**Assignment**
The required output holds only the lines from the one containing "人员流动:出入境 - COVID-19对全球出入境管理的影响" through the end of the material below, copied exactly, please, with no pictures.

**Dataset extract**

■ ■ ■

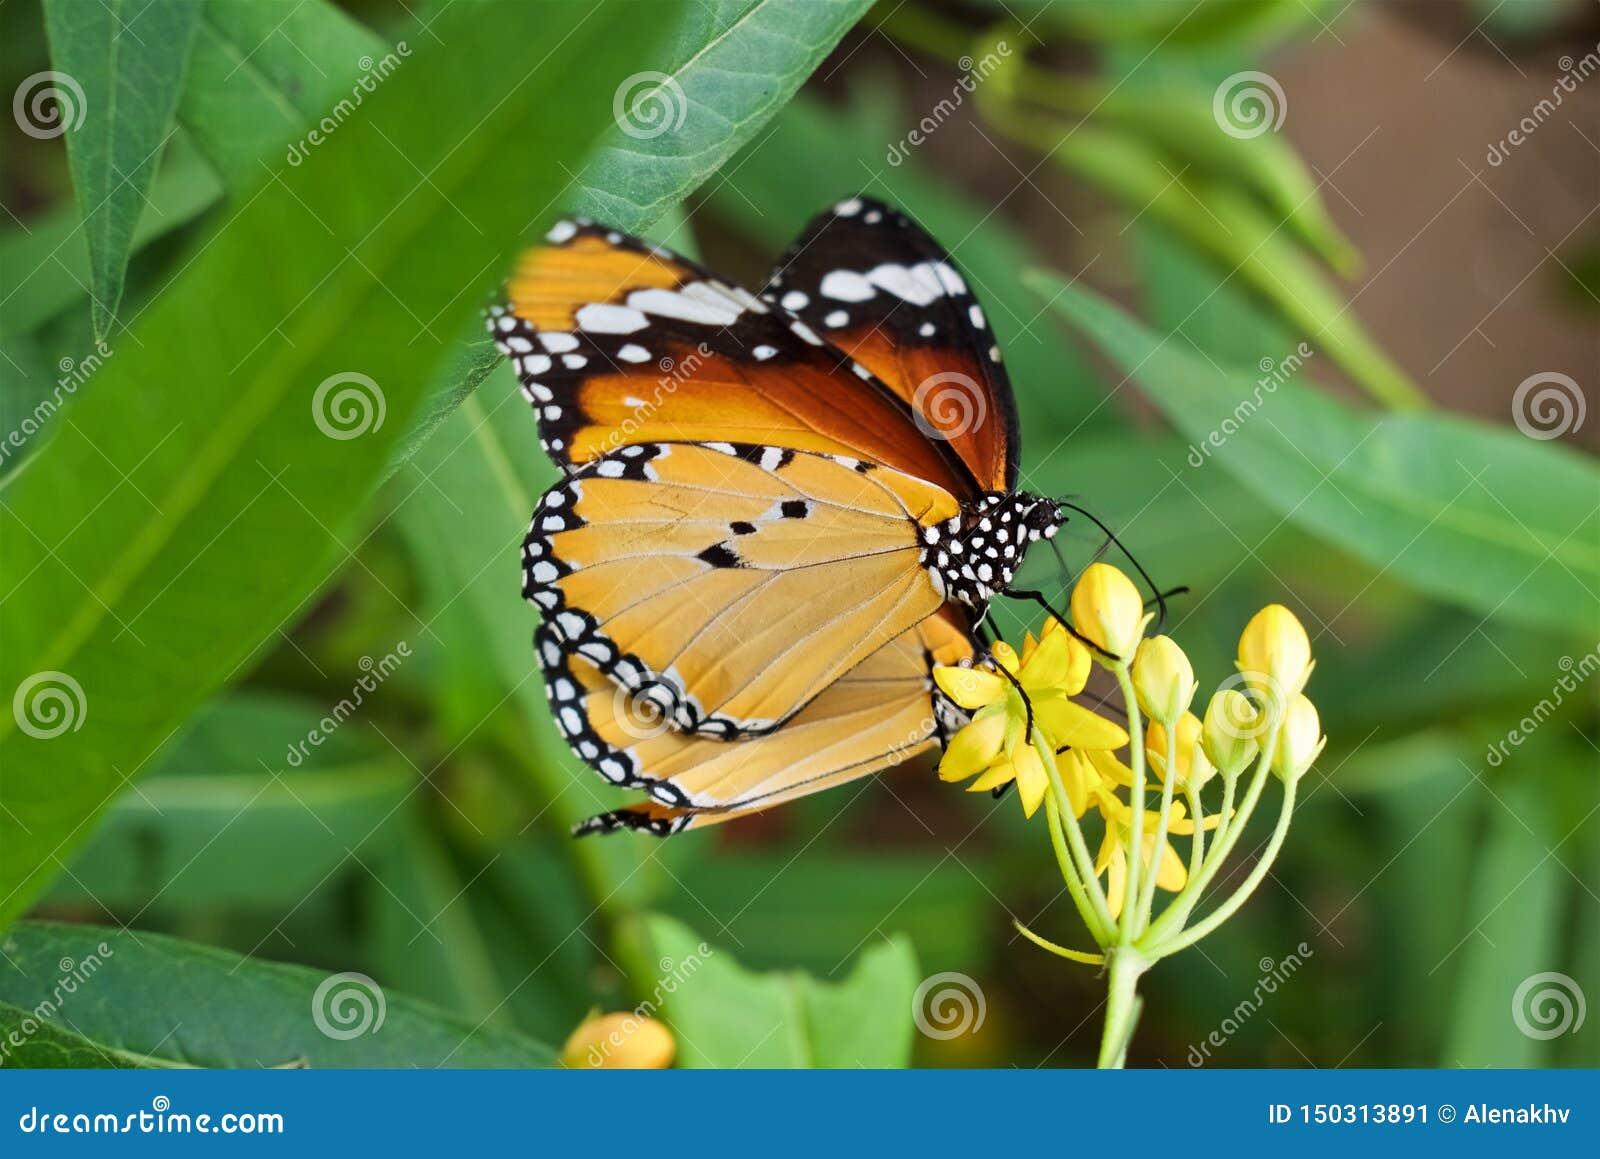 Κλείστε επάνω την πεταλούδα chrysippus Danaus με τα yellow-orange φτερά κάθεται σε ένα κίτρινο λουλούδι
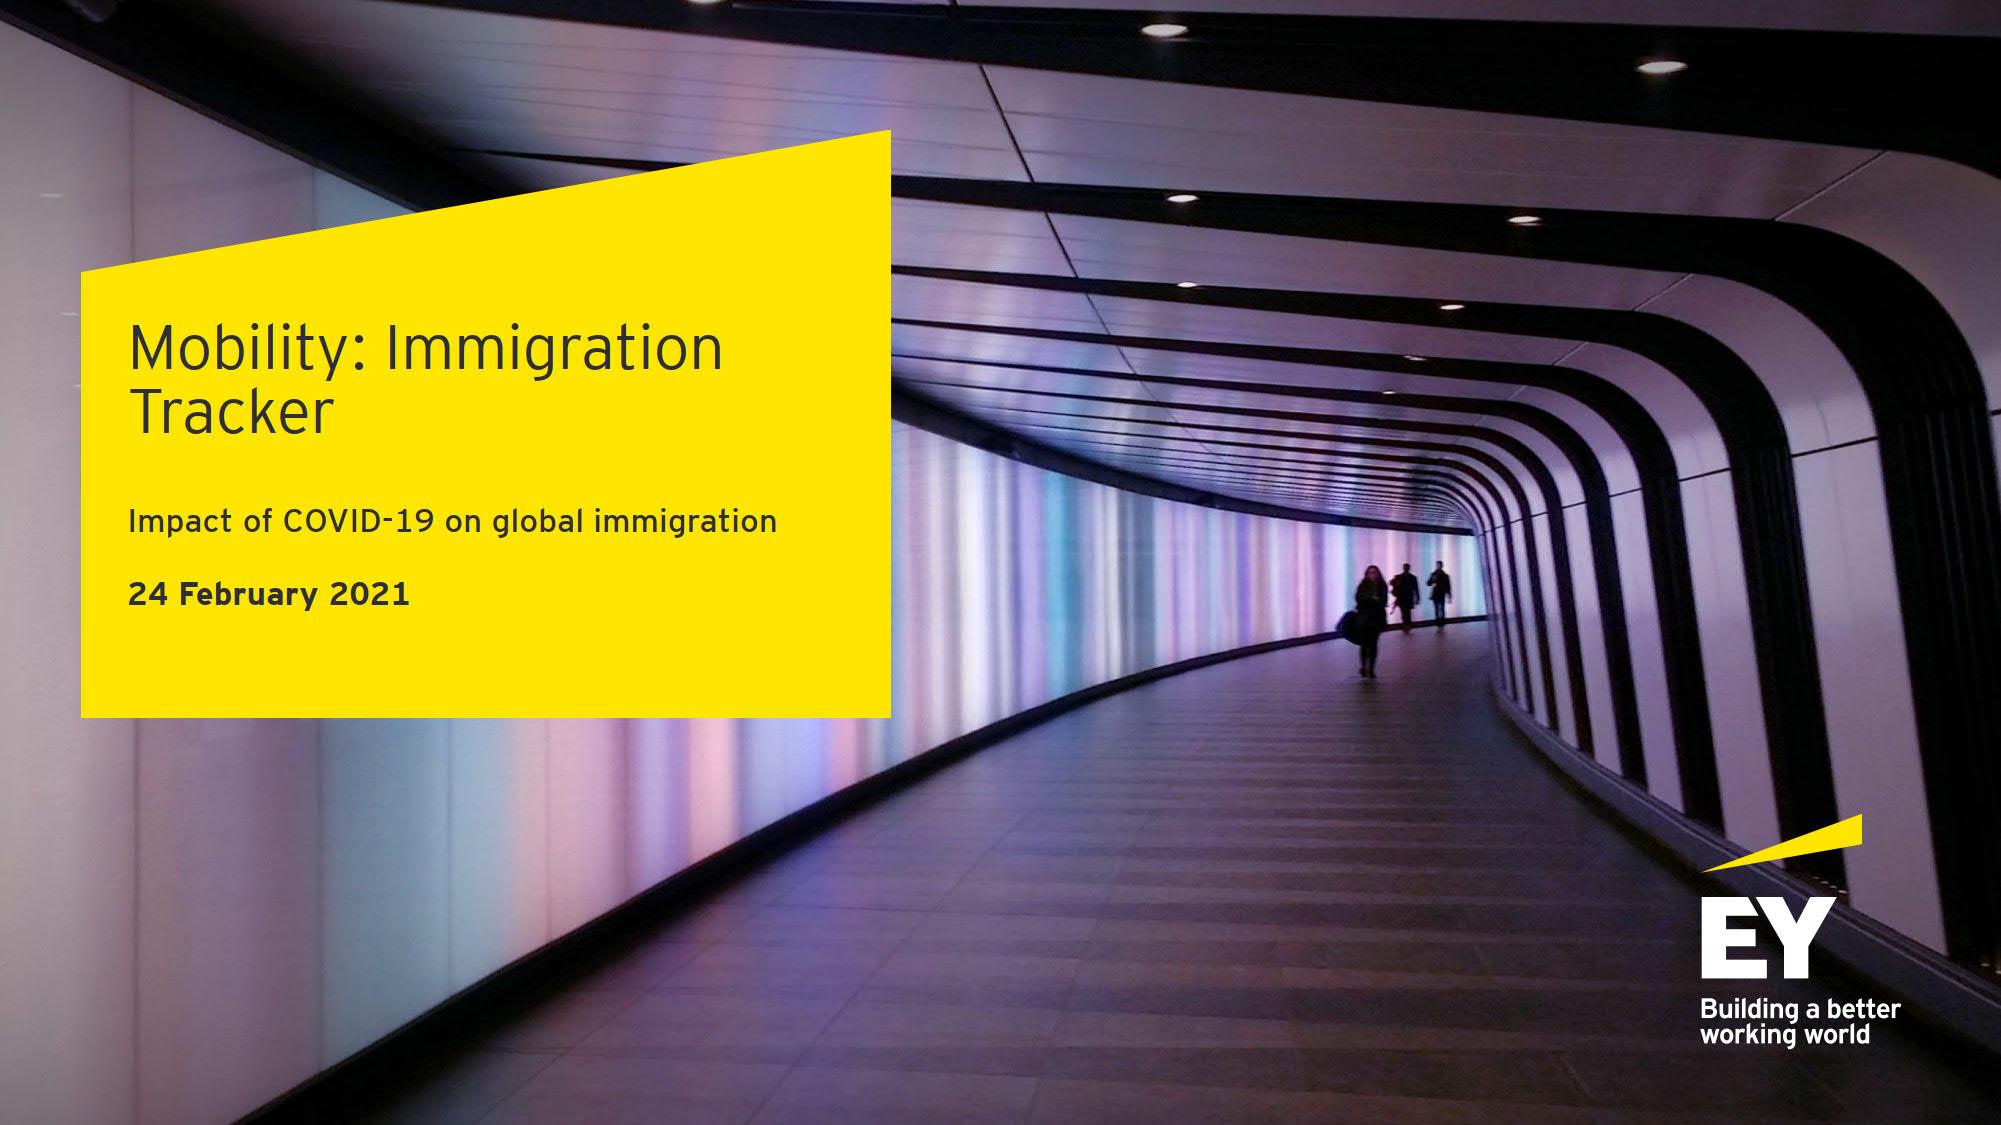 人员流动:出入境 - COVID-19对全球出入境管理的影响
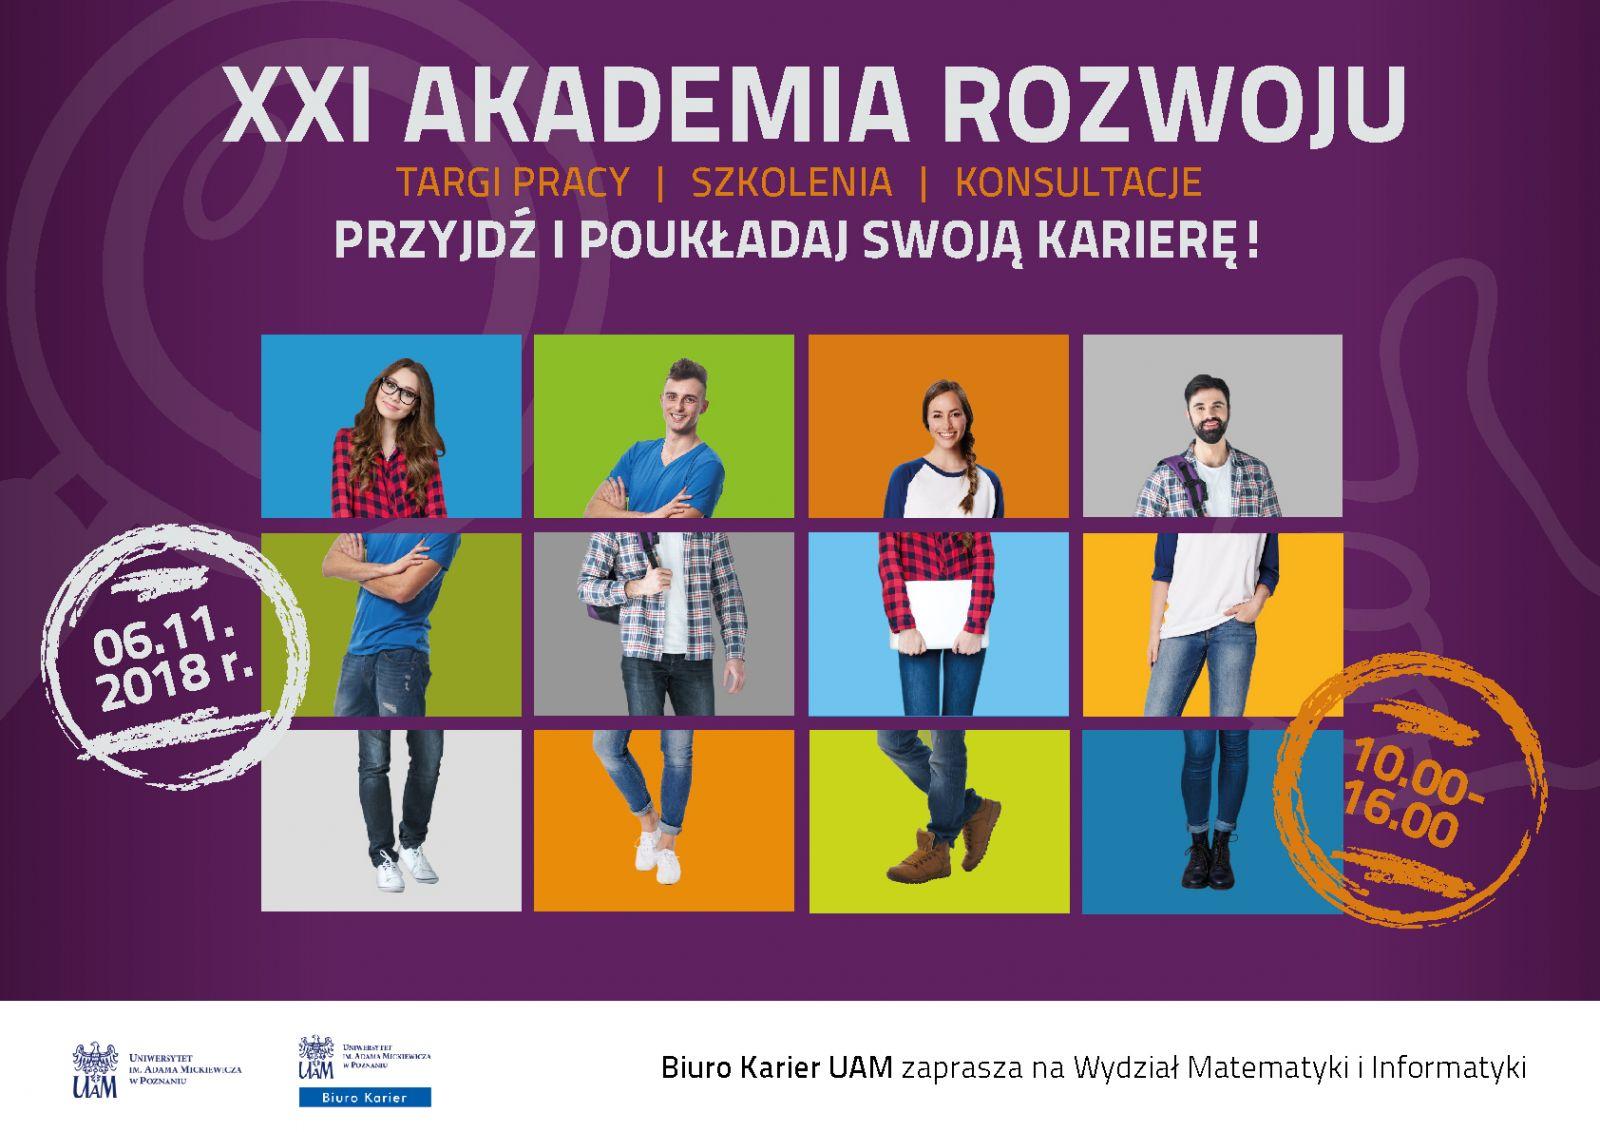 XXI Akademia Rozwoju
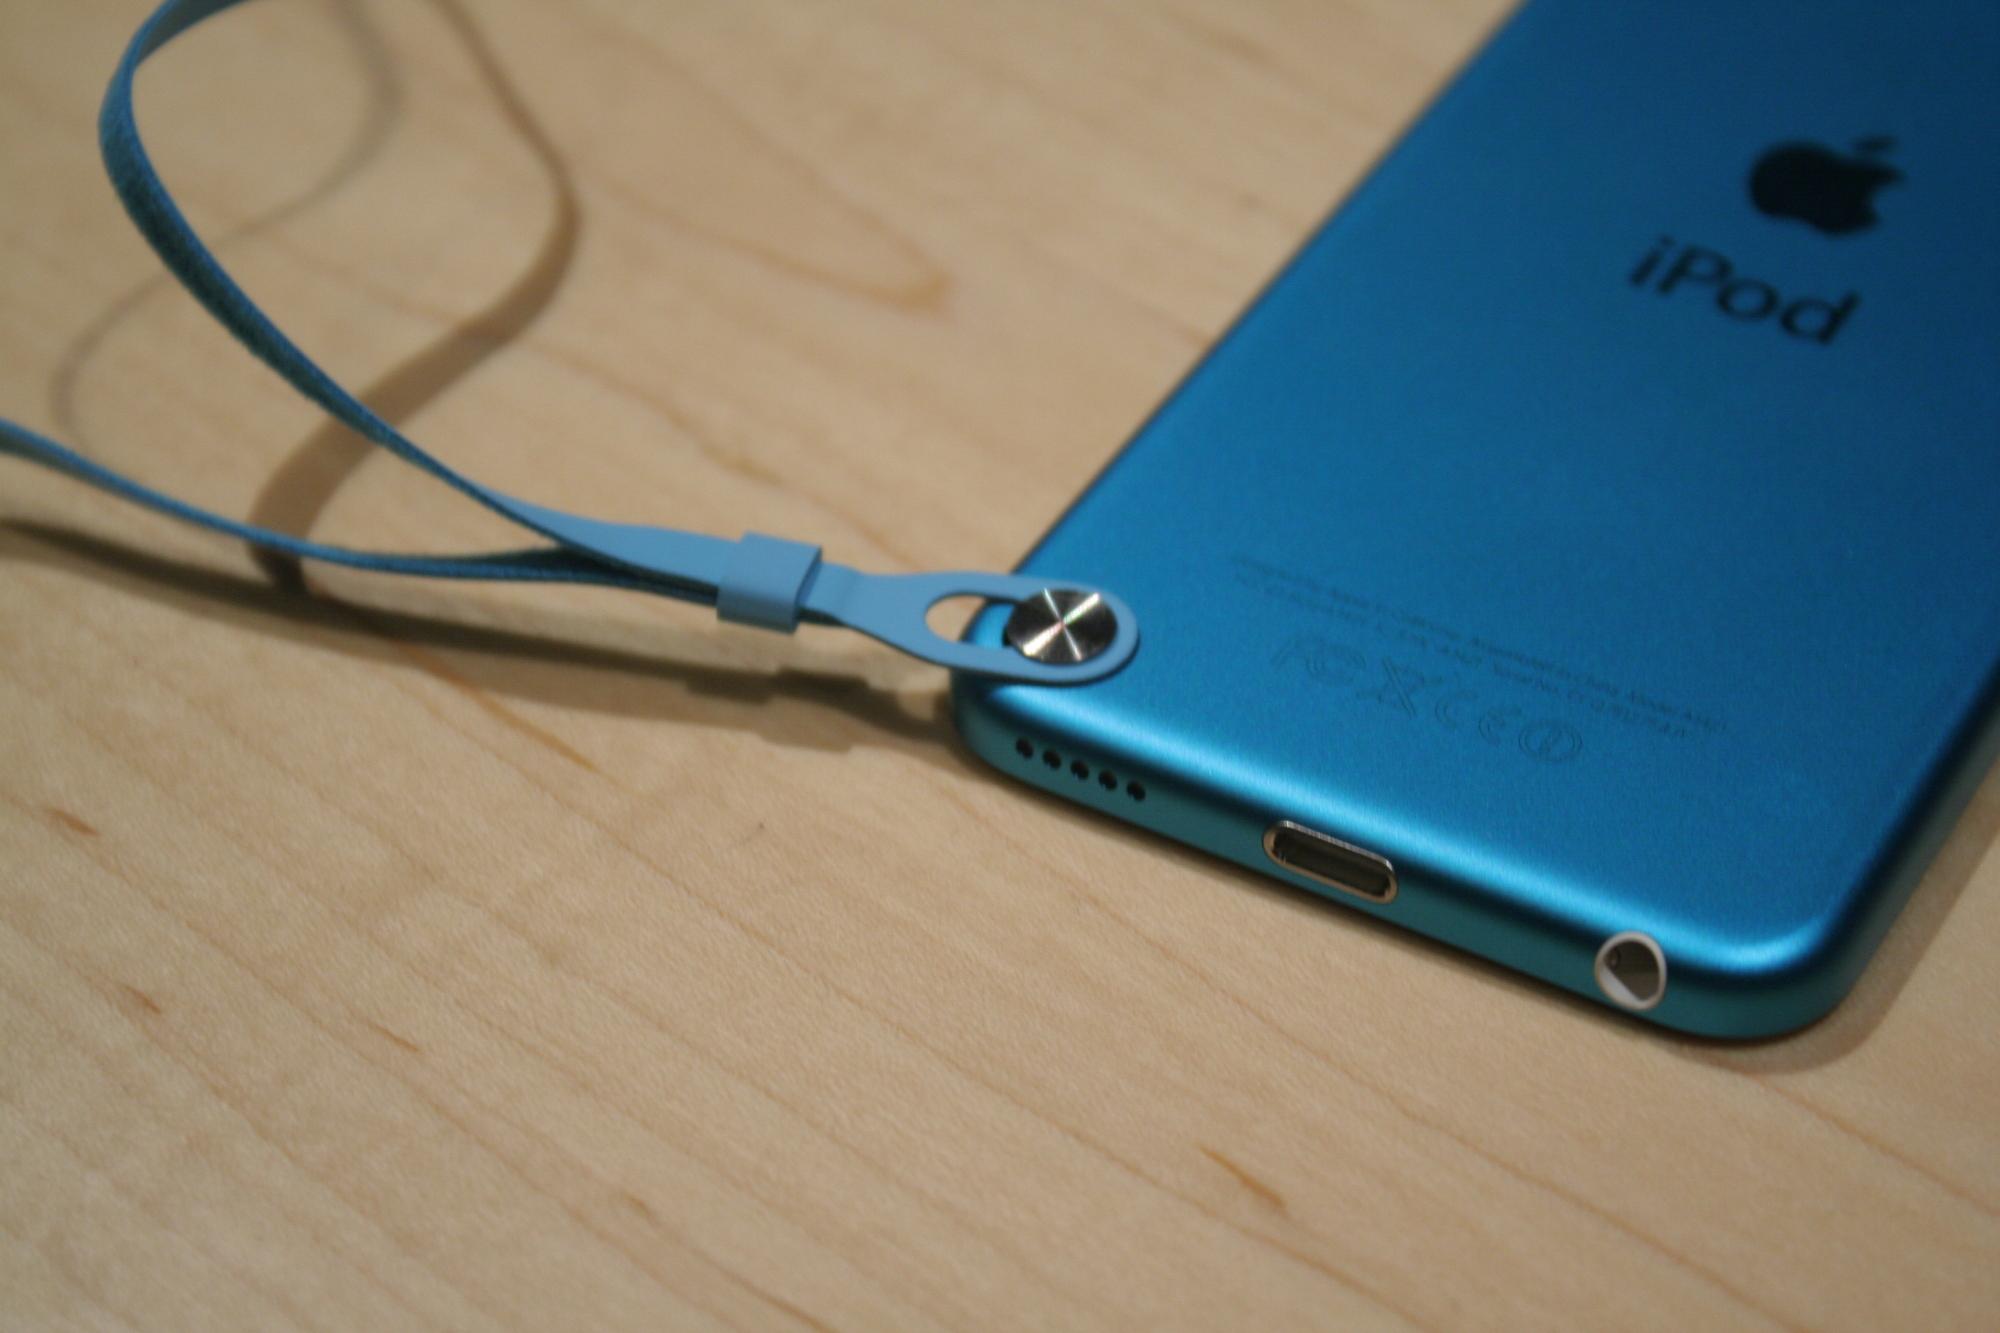 Het polsbandje van de nieuwe iPod touch

■ ■ ■

**Exercise answer**
 人员流动:出入境 - COVID-19对全球出入境管理的影响
 XXI Akademia Rozwoju
 Het polsbandje van de nieuwe iPod touch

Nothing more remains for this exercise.